Finally some good news on performance. After tweaking of the prefetch
strategies, I got the following test numbers on PostgreSQL, fetching/
prefetching a few thousands of objects (smaller number of milliseconds
means faster processing) :
(disjoint)
n:1 ... M6 ...... 51 ms
n:1 ... trunk ... 45 ms
(joint)
n:1 ... M6 ...... 100 ms
n:1 ... trunk ... 45 ms
(disjoint)
1:n ... M6 ...... 100 ms
1:n ... trunk ... 54 ms
(disjoint)
n:m ... M6 ...... 54 ms
n:m ... trunk ... 51 ms
So the trunk code significantly improves on 3.0M6 when prefetching to-
many and joint to-ones relationships, and somewhat improves on other
cases (within a margin of error I guess).
Andrus
On Sep 7, 2009, at 8:53 AM, Andrus Adamchik wrote:
Been thinking about the new prefetching model some more and found a
glaring performance hole - the most common N:1 prefetch case will
result in a cartesian product processing in memory. E.g. if one
Artist has 3 Paintings, and the Paintings are fetched with Artist
prefetch, the Artist DB data will be read repeatedly 3 times. The
result will be correct - 3 Paintings all pointing to a single Artist
object, however processing will be much slower.

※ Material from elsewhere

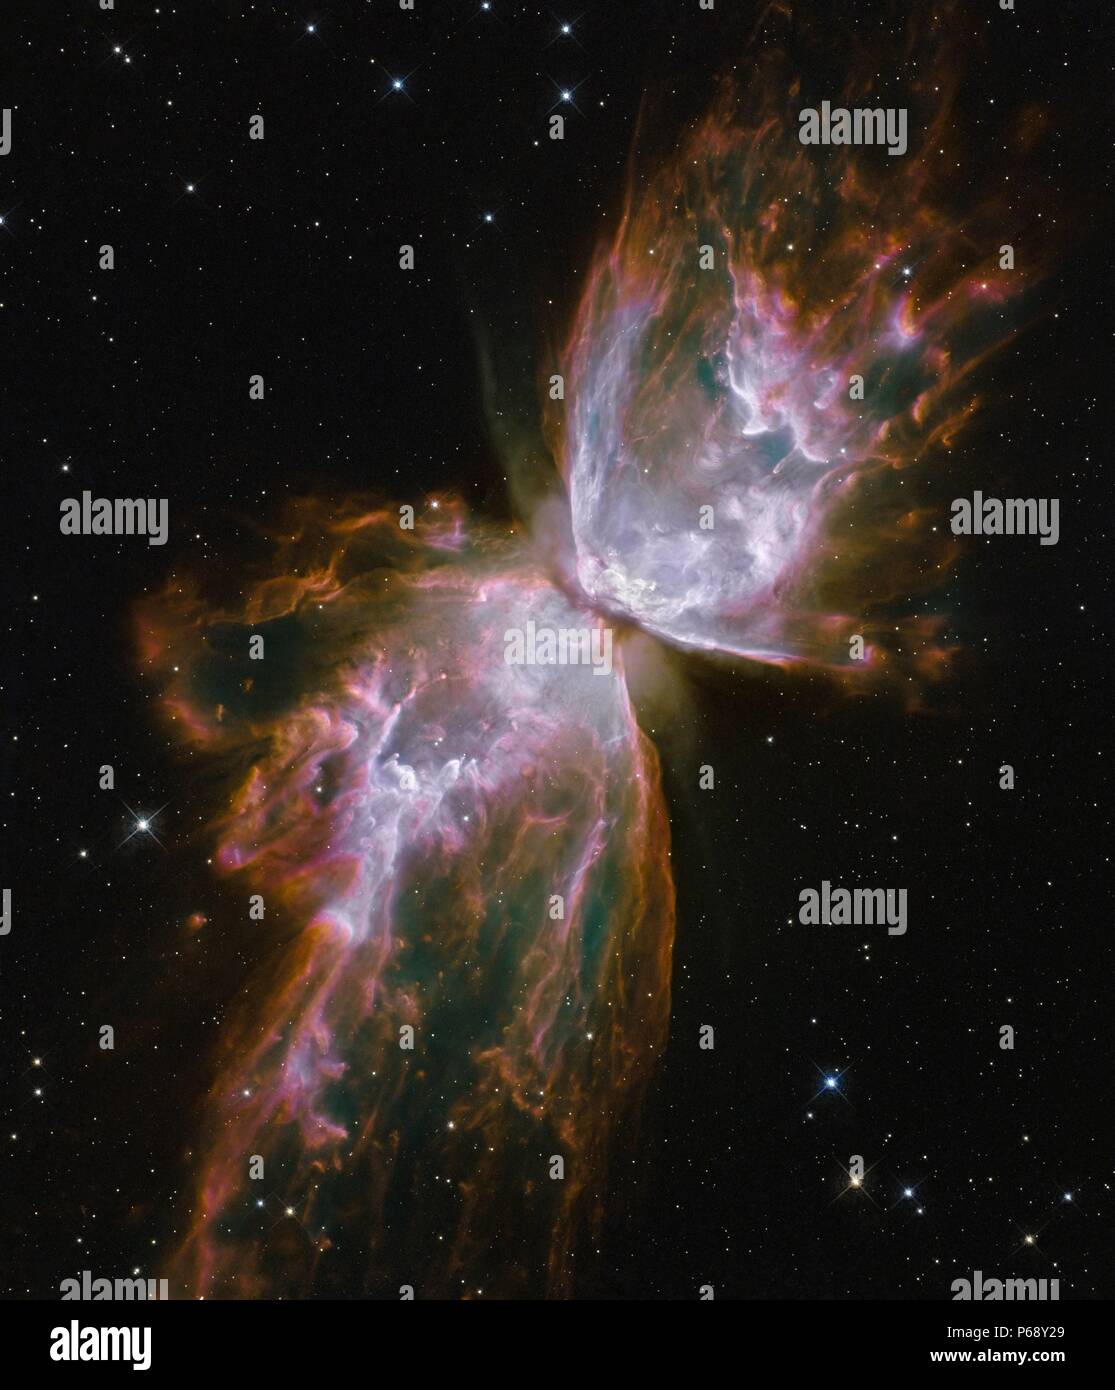 Emerge en forma de mariposa de desaparición estelar en la nebulosa planetaria NGC 6302. Foto tomada por el telescopio Hubble. Fecha 2009 Foto de stock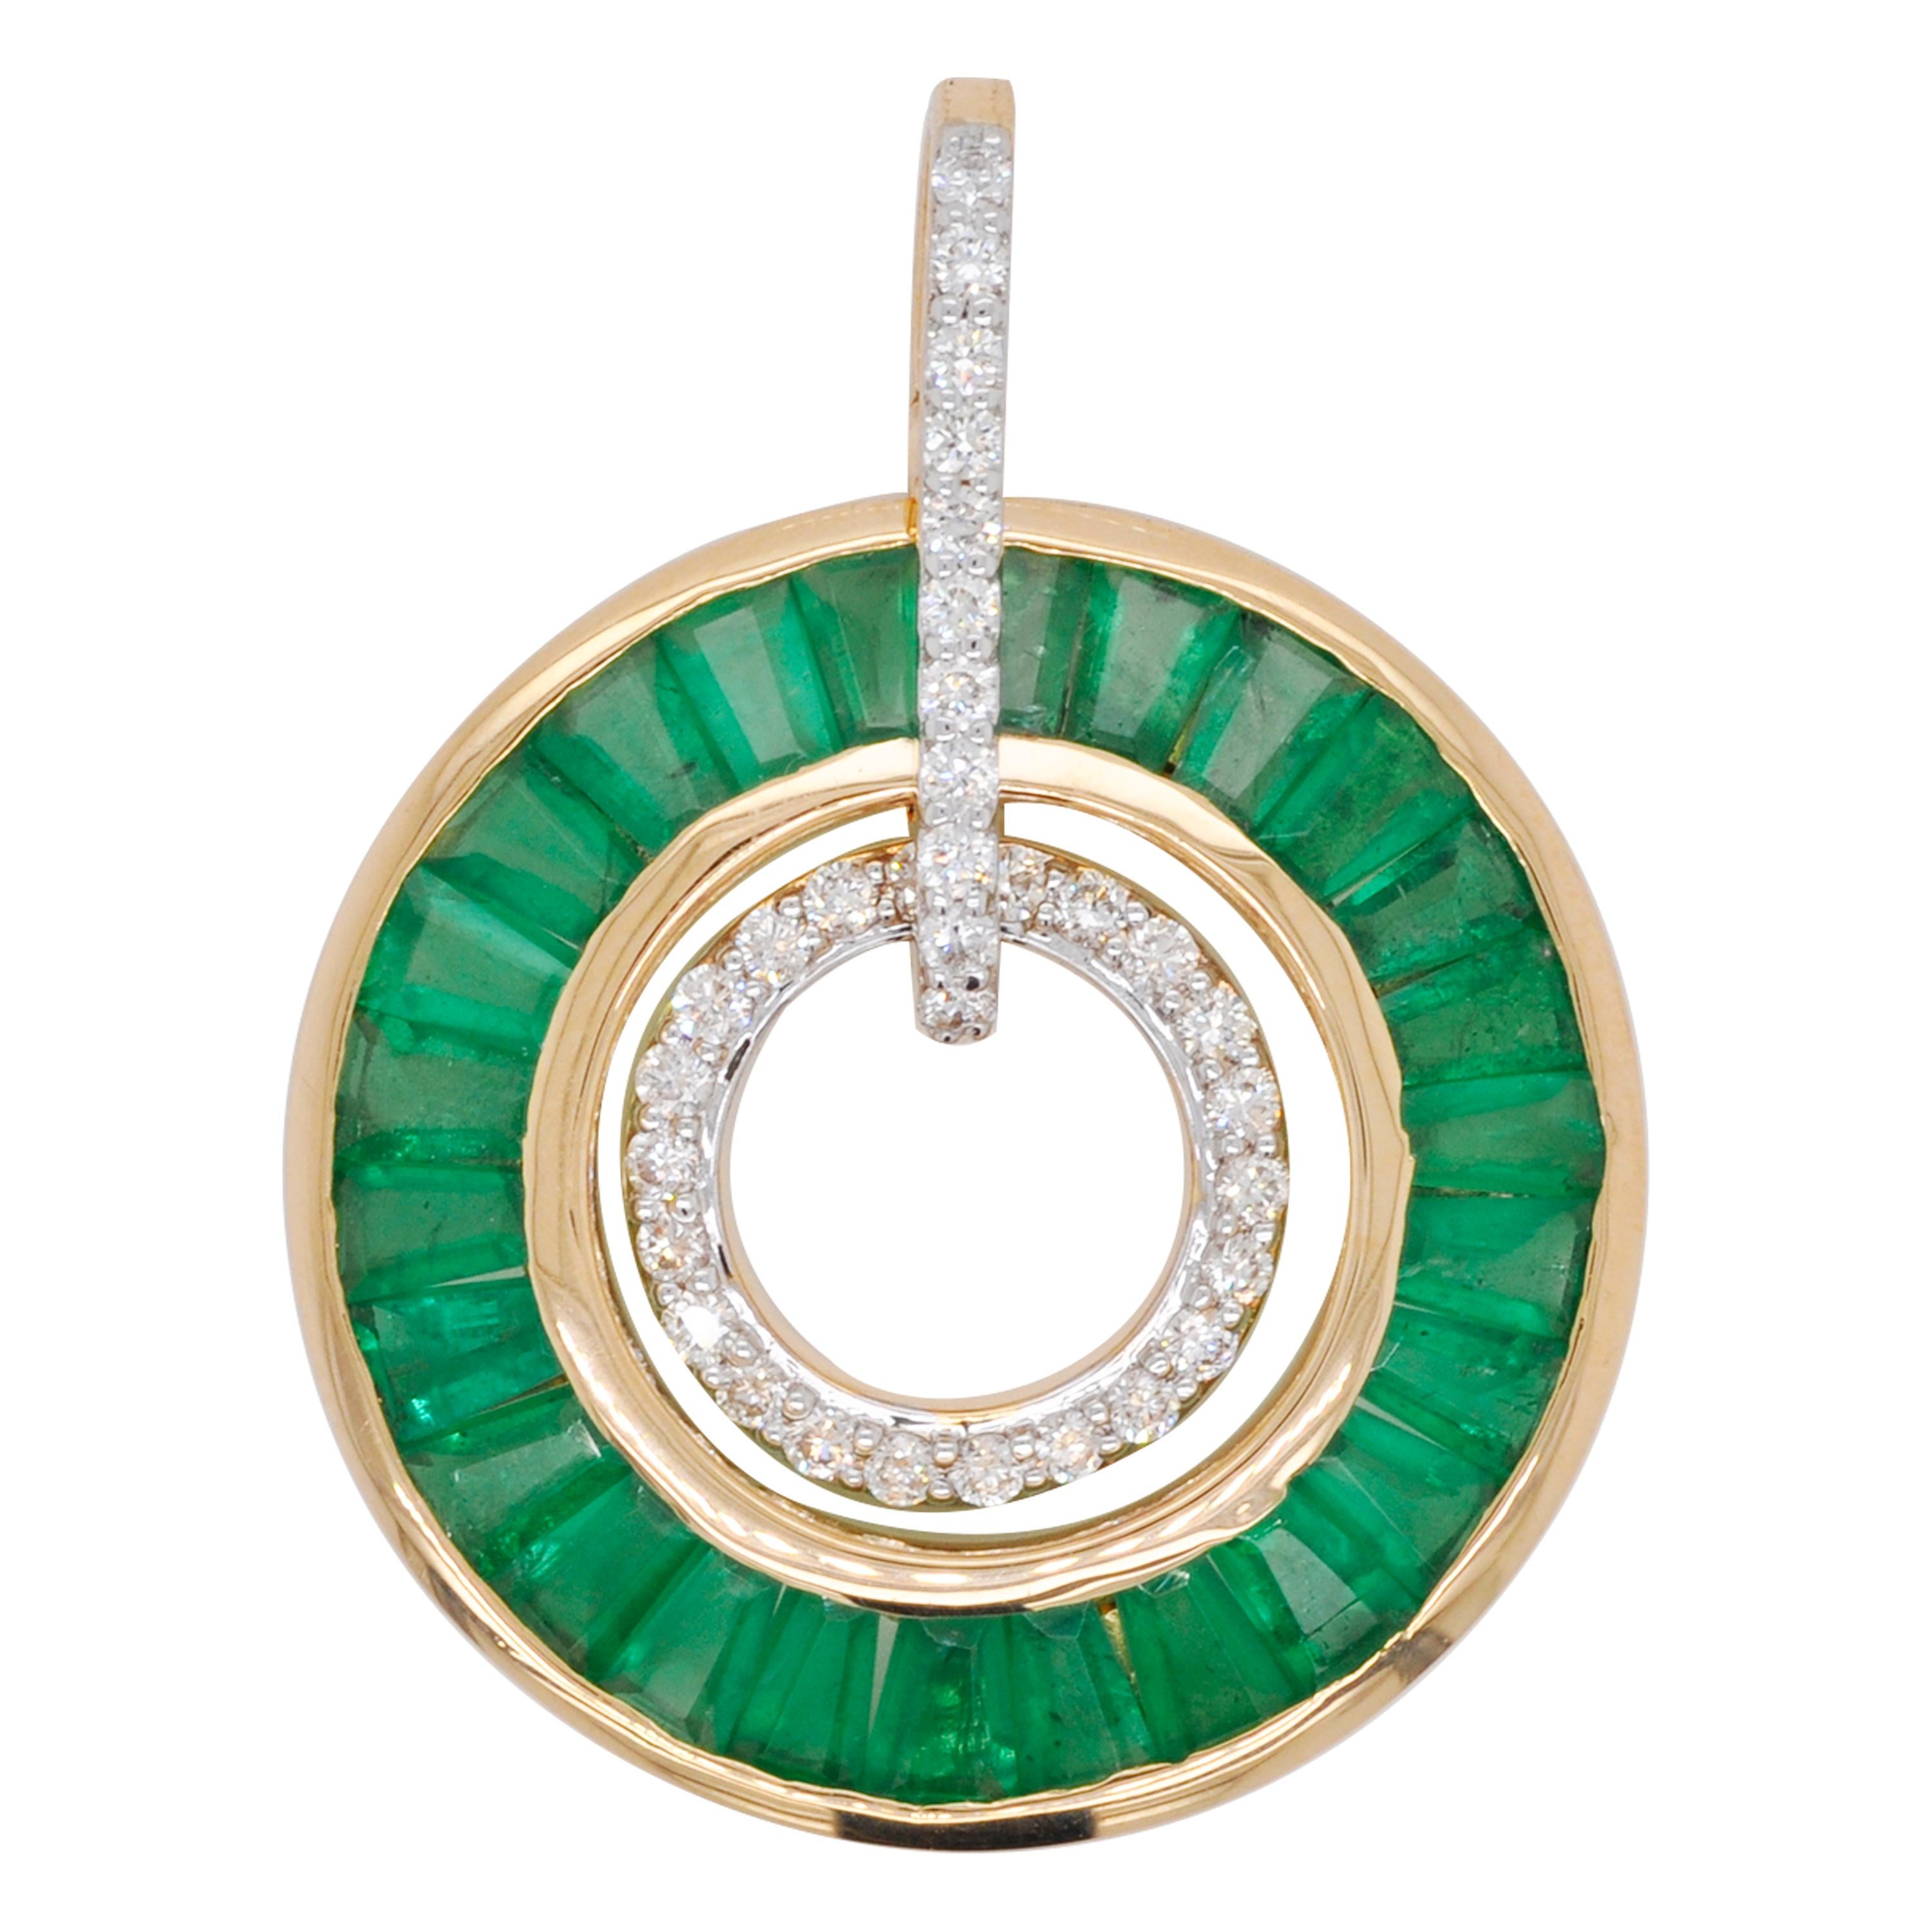 Pendentif circulaire de style Art déco en or 18 carats avec émeraudes et diamants baguettes effilés

Now will be making another pass over the code to restore the old
prefetch strategy for N:1 relationships. Hopefully the resulting
code will be tighter than it used to be.
Andrus
On Sep 6, 2009, at 9:43 PM, Andrus Adamchik wrote:
Good to have a little time again to hack Cayenne internals.
Just committed a pretty big change to the prefetching algorithm
motivated by CAY-1250 bug report. So combining prefetching and
inheritance now works 100%.
One visible effect of this change is that all disjoint prefetch
queries will now include the ID's of the source side of the
prefetch relationship and a mandatory join to the source entity. In
return for this small inefficiency (increased result set size...
hopefully most ID's are small), we get a bunch of benefits, main
one being the ability to process related fetched objects in a
consistent manner regardless of the relationship semantics (1..1,
1..N, N..M). This strategy was used before for flattened
relationships, now it is used for everything. On the other hand
this change allowed to optimize some related cases, so all in all,
there may be no performance penalty.
It is still possible to go back and optimize it further to prevent
the addition of the extra columns to the resultset in some cases
(e.g. if both joined FK and PK are present in the result, only
fetch one of them), I wish we could do that in some central
location (like SelectTranslator) instead of writing endless if/else
in the prefetch processing code.
Now the prefetch code is easier to make sense of, with fewer if/
else. And I am planning to refactor it further.
Also I came very close to fixing the biggest remaining limitation
of disjoint prefetching:
https://issues.apache.org/jira/browse/CAY-1025
Andrus